Problem to work on:
Pictures stay out. Extract the lines below from the first one through the line with "Coffee Travel Mug: My", both included.

Stored items:
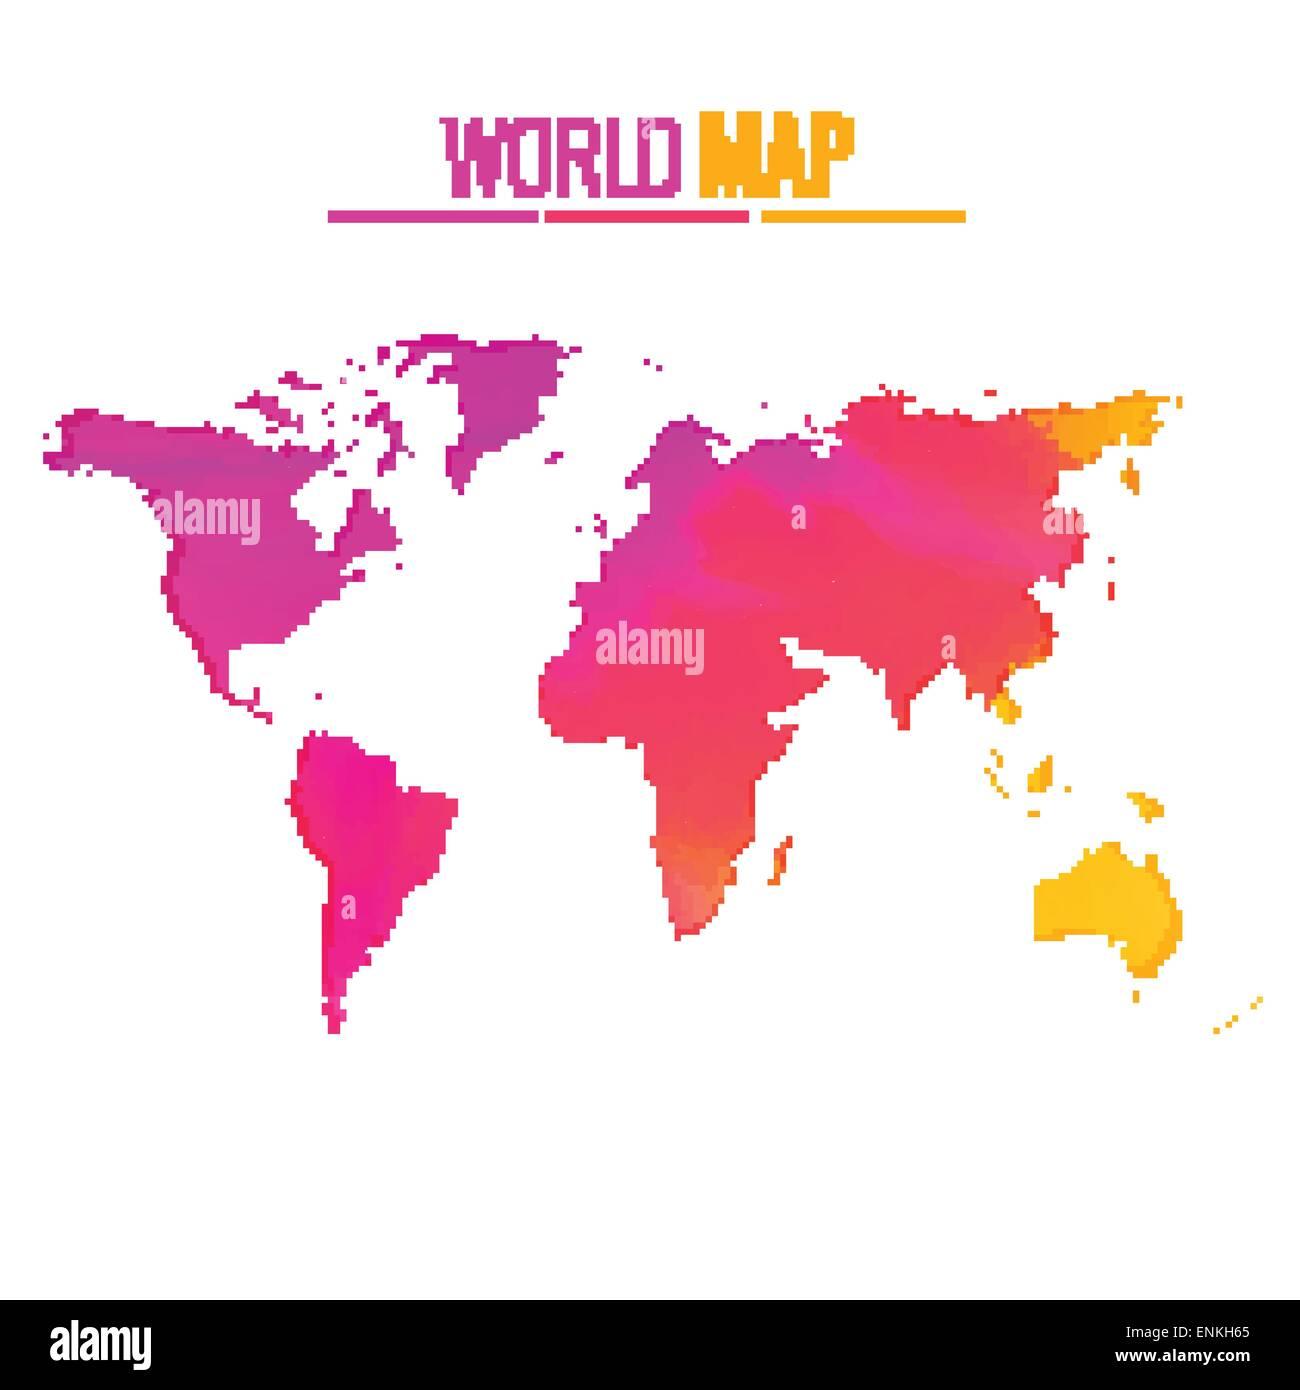 Colorful world map vector design illustration stock vector art colorful world map vector design illustration gumiabroncs Gallery
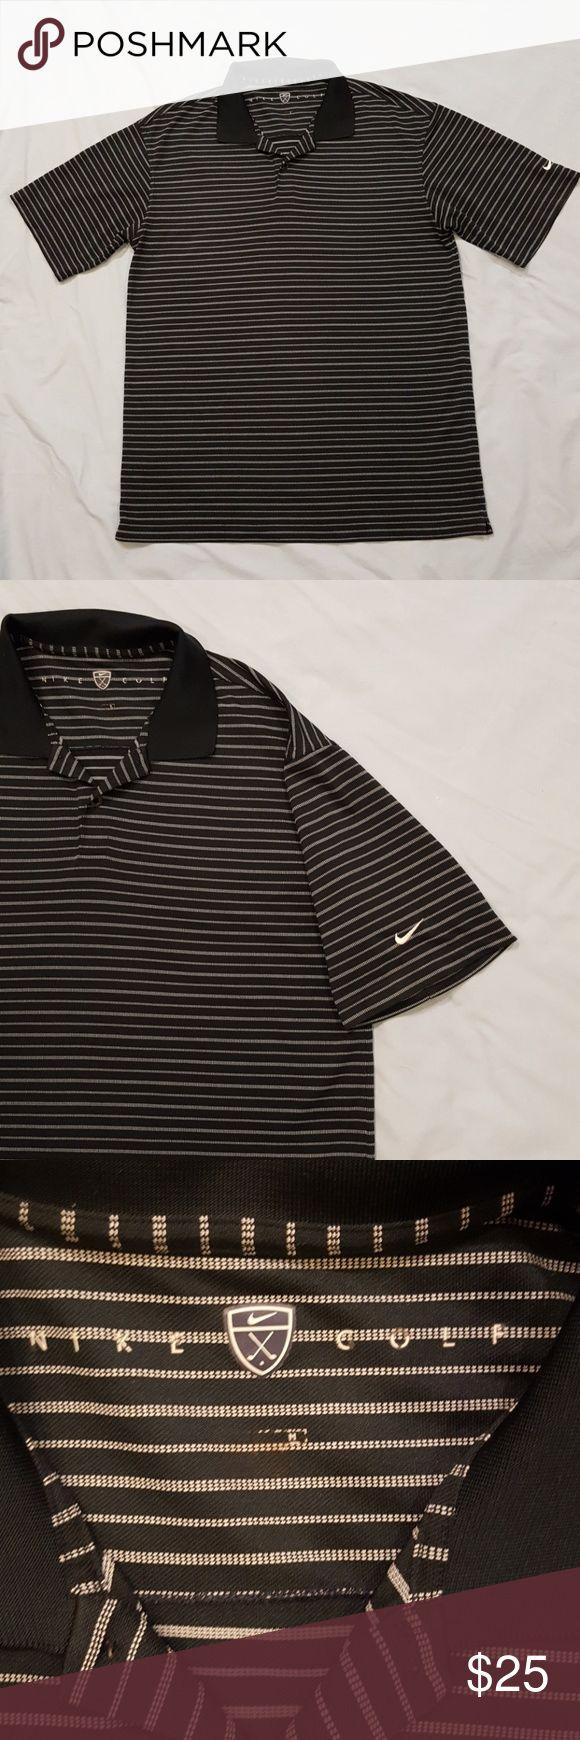 Nike polo shirt Black and white striped golf shirt, black collar Nike Shirts Polos
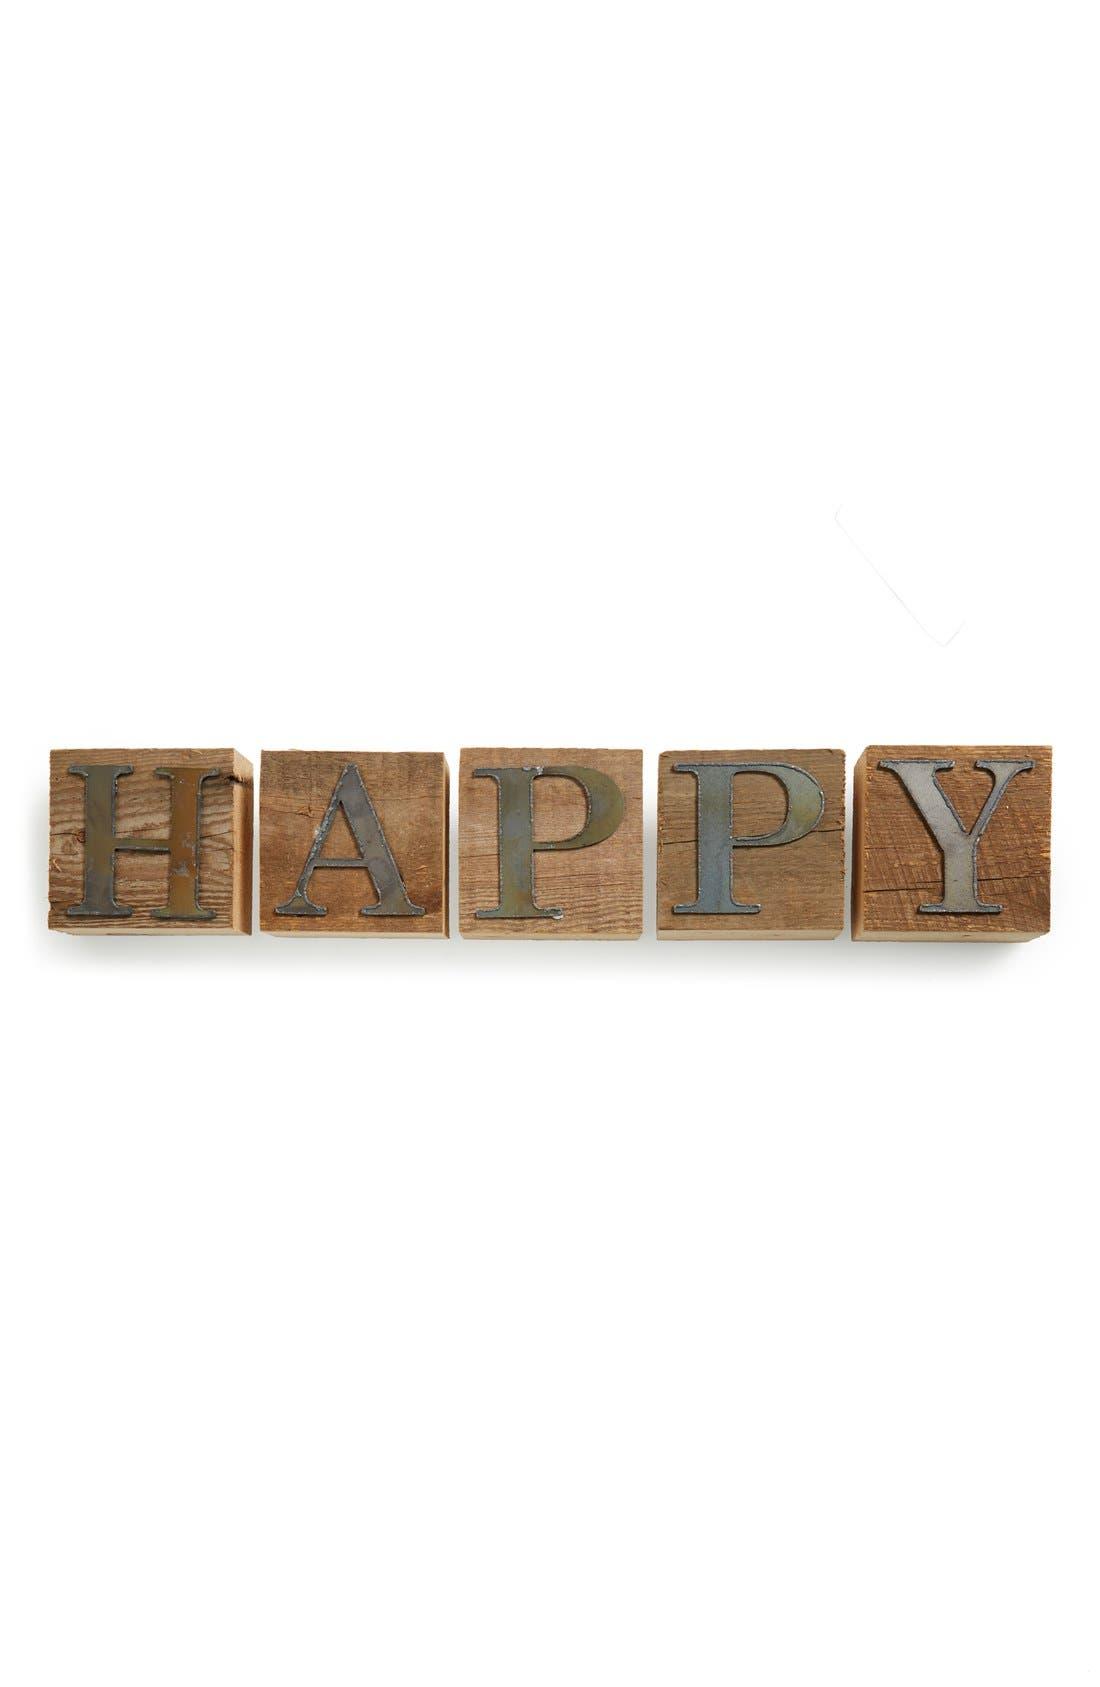 Main Image - Second Nature by Hand 'Happy' Repurposed Wood Block Art
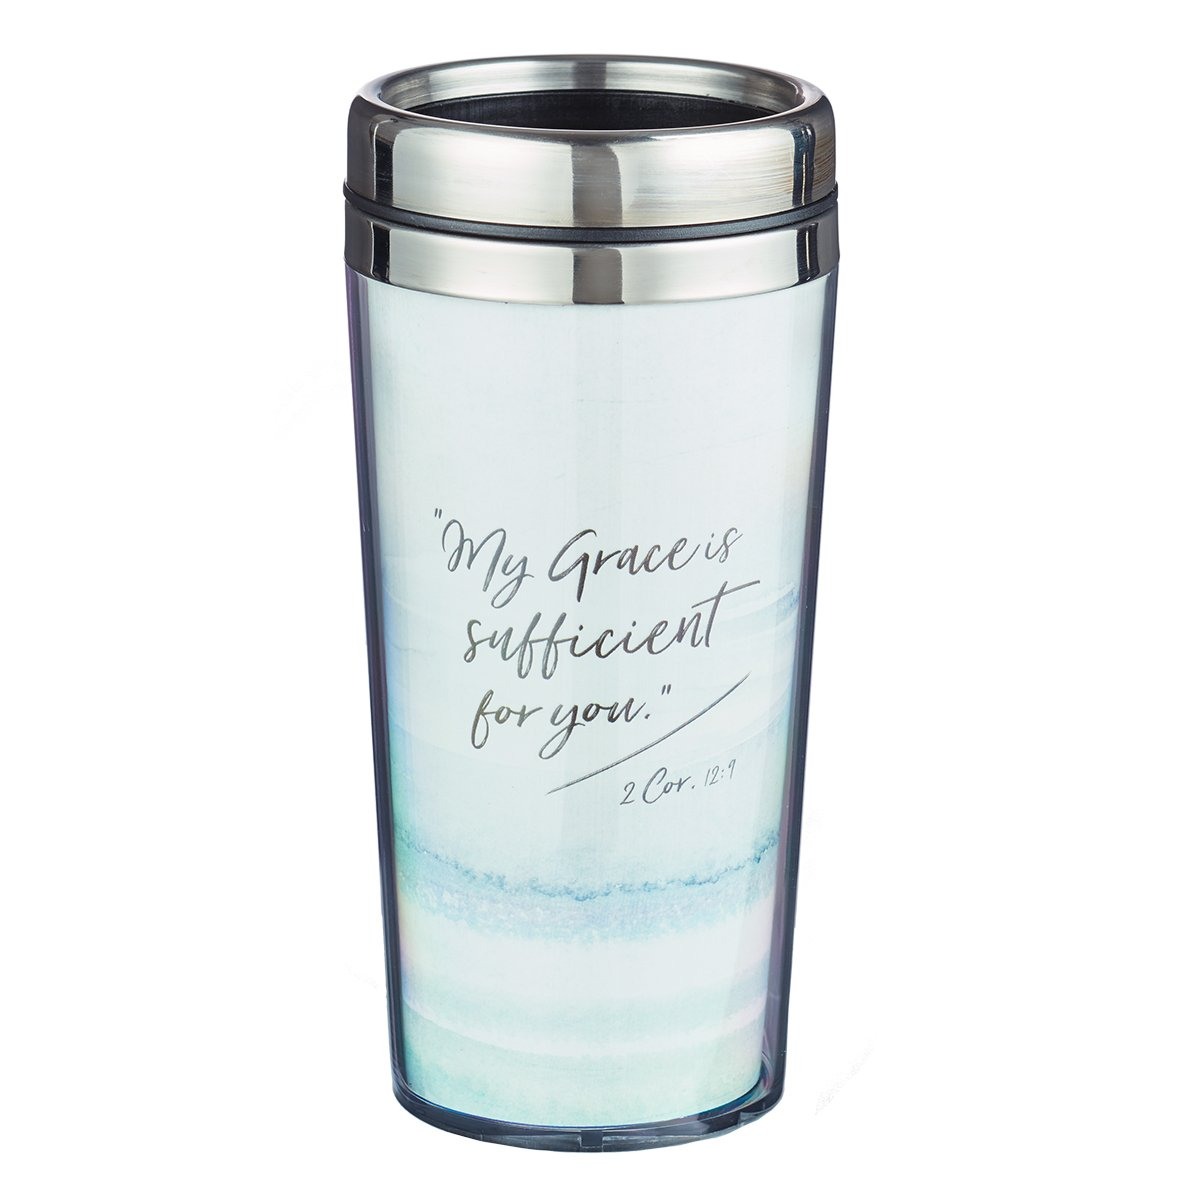 Coffee Travel Mug: My Grace Is Sufficient - 2 Corinthians 12:9
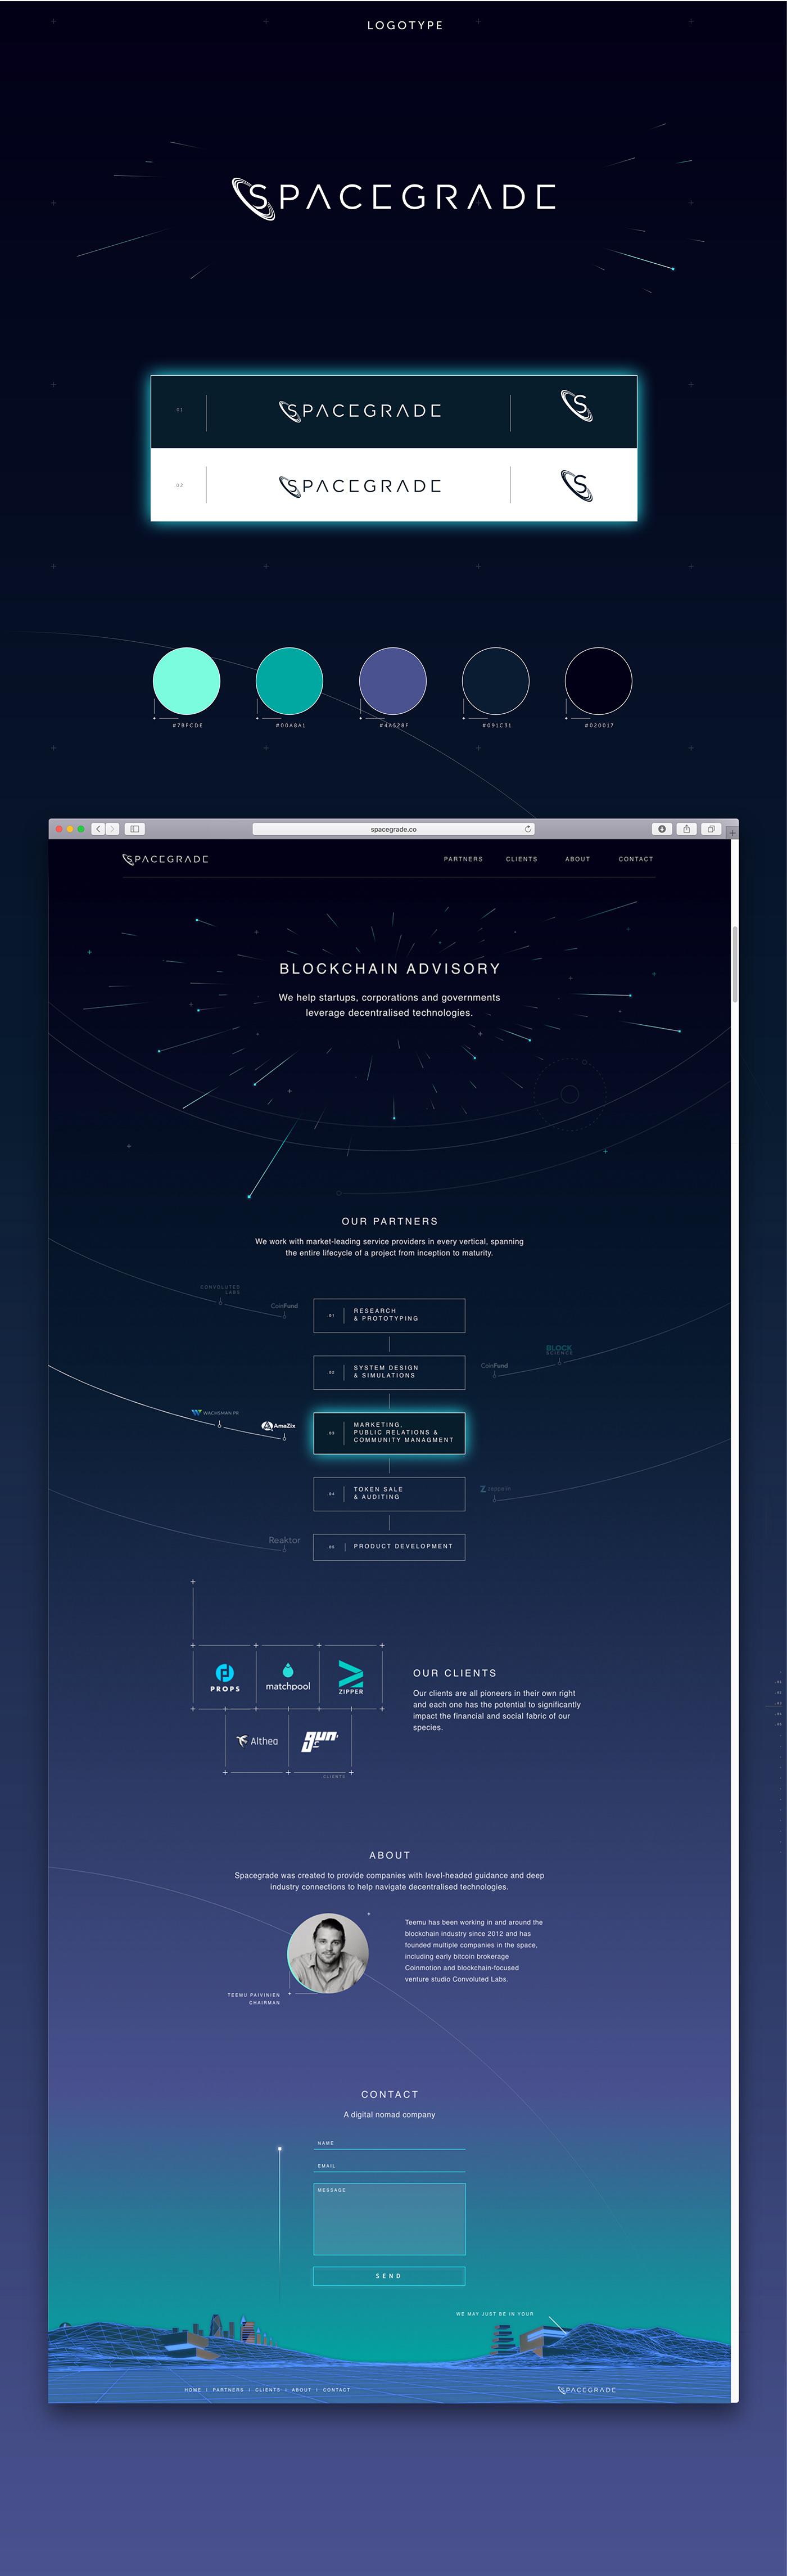 blockchain decentralized advisory bitcoin ethereum crypto Web branding  identity

Exercise result:
 Colorful world map vector design illustration stock vector art colorful world map vector design illustration gumiabroncs Gallery
 Nike polo shirt Black and white striped golf shirt, black collar Nike Shirts Polos
 Main Image - Second Nature by Hand 'Happy' Repurposed Wood Block Art
 Coffee Travel Mug: My Grace Is Sufficient - 2 Corinthians 12:9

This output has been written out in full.